When it comes to the adoption of electronic health records, it’s good to be urban, large, and teach.

According to the latest report on EHR adoption, Health Information Technology in the United States: On the Cusp of Change, 2009, fewer than 2% of American hospitals used a comprehensive electronic health record (EHR) in 2008, 7.6% had a “basic” EHR based on the definition generated by an expert panel conducted by the Robert Wood Johnson Foundation, the Massachusetts General Hospital, and the George Washington University — the team that developed this full report on the state of EHRs in U.S. hospitals.

The most common applications instituted in hospital EHRs included laboratory results (77%), radiology reports (78%) and images (78%). About 1 in 5 U.S. hospitals used computerized order entry and clinical decision support.

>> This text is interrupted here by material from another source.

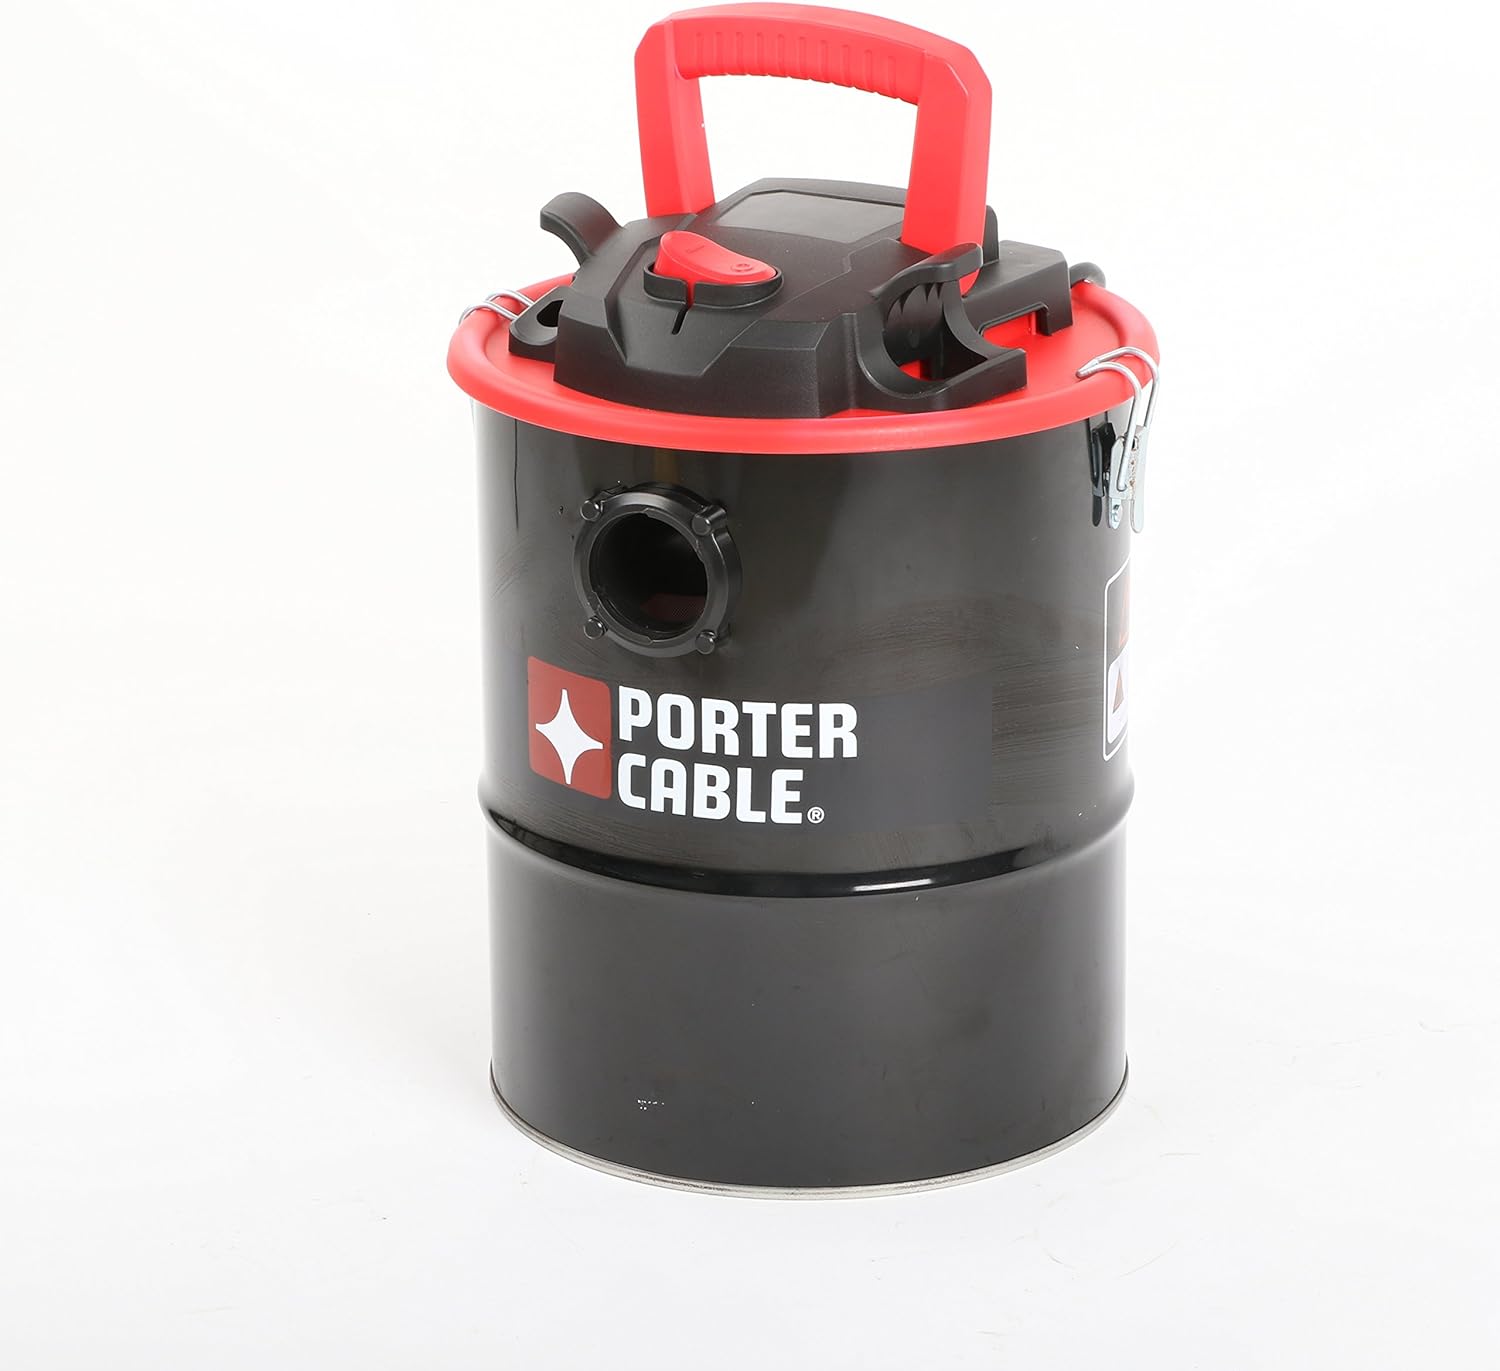 PORTER-CABLE 4 Gallon Ash Vac, Black Review

The most significant barrier to EHR adoption was found to be financial — 70% of hospitals reported that inadequate capital kept them from acquiring and implementing EHRs. Other barriers cited by about 1 in 3 hospitals included physician resistance, unclear ROI, maintenance costs, and access to IT staff.

One of hte most intriguing findings in this survey was found among hospitals serving the poor, known as “disproportionate share hospitals” (abbreviated “DSH”). These are the safety-net hospitals in the U.S. that serve more people funded by Medicaid. Among DSH hospitals that used EHRs, there was not obvious difference in the quality of care delivered. The researchers conclude, based on this statistics, that the presence of an EHR mitigated that expected negative effect of a high DSH index.

Health Populi’s Hot Points: Since the overwhelming barrier to implementing EHRs is financial, based on this survey of American hospitals, the EHR funding included in the ARRA stimulus package holds tremendous promise — and inspires great expectations. This survey found that a minority of U.S. hospitals has implemented comprehensive EHRs. It is in the implementation of all aspects of EHRs where real impacts on clinical quality are made. Adopting a few modules that make up bits of EHRs doesn’t result in greatly different outcomes overall.

The subtitle of this report is, “On the Cusp of Change.” That cusp will have a pretty long tail given the low-penetration of fully implemented EHRs in American hospitals. The stimulus funding was a must-do to get EHR adoption rolling based on what RWJF et. al. have found in this important work.